Abstract

The mechanism of action of many chemotherapeutic agents targets the cell cycle. Recently, we demonstrated cytotoxic and other anti-tumor effects of flavopiridol, the first synthetic cyclin dependent kinase (CDK) inhibitor to enter clinical trials, on the murine GL261 glioma cell line in vitro (Newcomb et al., Cell Cycle 2003; 2:243). Given that flavopiridol has demonstrated anti-tumor activity in several human xenograft models, we wanted to evaluate it for anti-glioma activity in vivo in our established subcutaneous and intracranial GL261 experimental tumor models. In particular, the intracranial animal model recapitulates many of the histopathological and biological features of human high-grade glioma including both necrosis with pseudopalisading and invasion of the brain adjacent to tumor.
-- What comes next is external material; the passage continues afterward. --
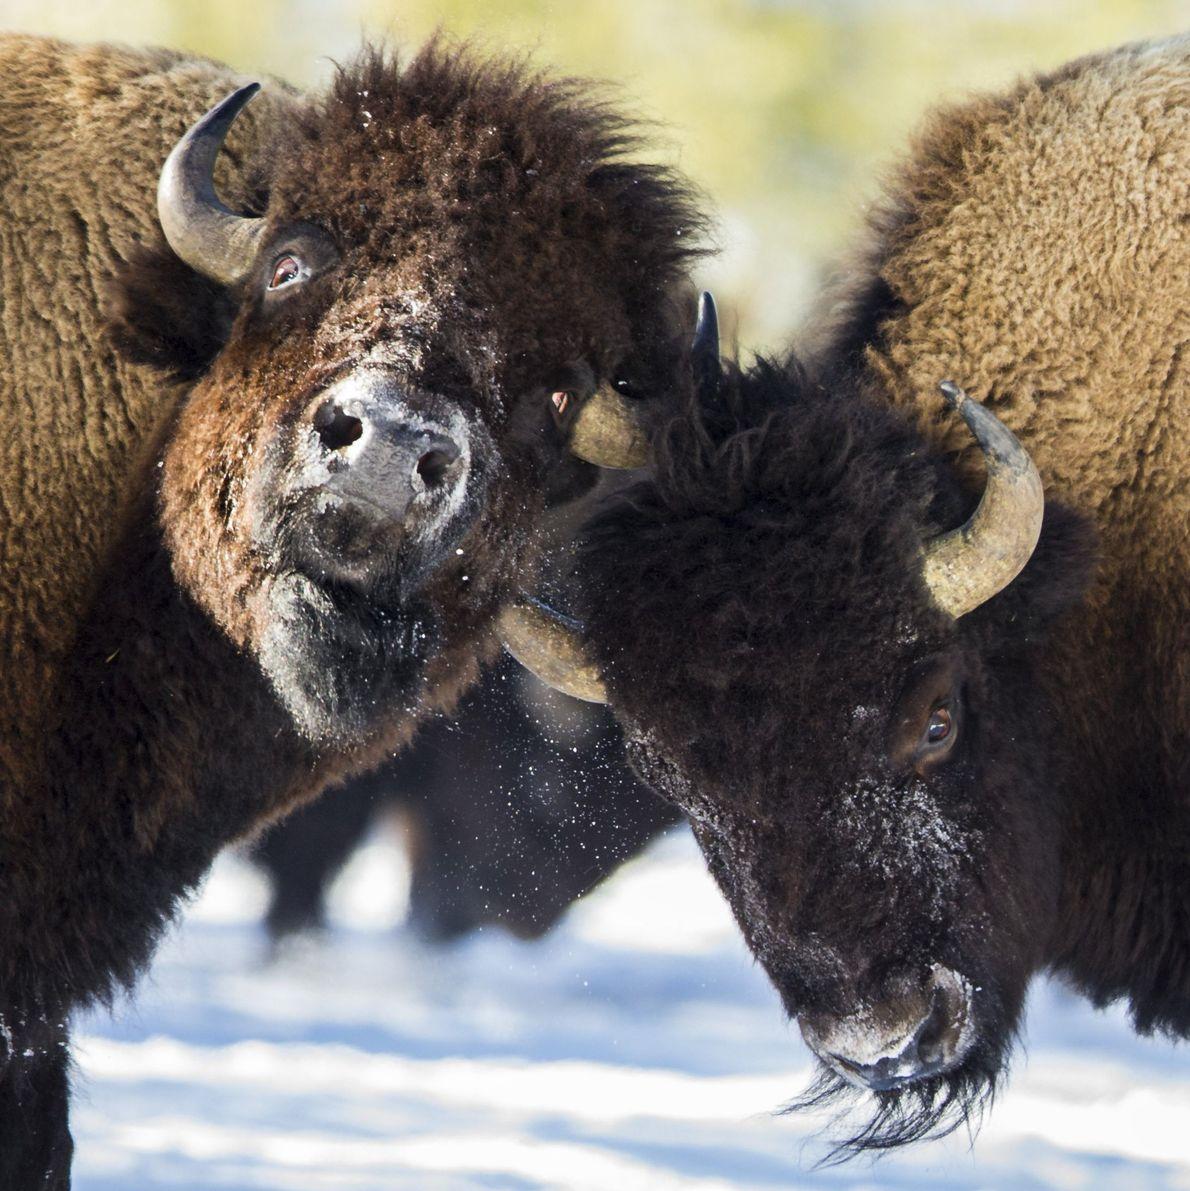 galeria-de-fotos-animais-em-acao-bisoes

Here we tested the activity of flavopiridol against tumors formed by GL261 cells, first as subcutaneous implants, and then in the intracranial model. We demonstrate efficacy of flavopiridol as a single modality treatment in delaying tumor growth in both animal models. We hypothesize that flavopiridol treatment induced tumor growth delay by two possible mechanisms involving growth arrest combined with recruitment of tumor cells to S-phase. Based on our findings, flavopiridol should be considered as a treatment approach for patients with high-grade glioma.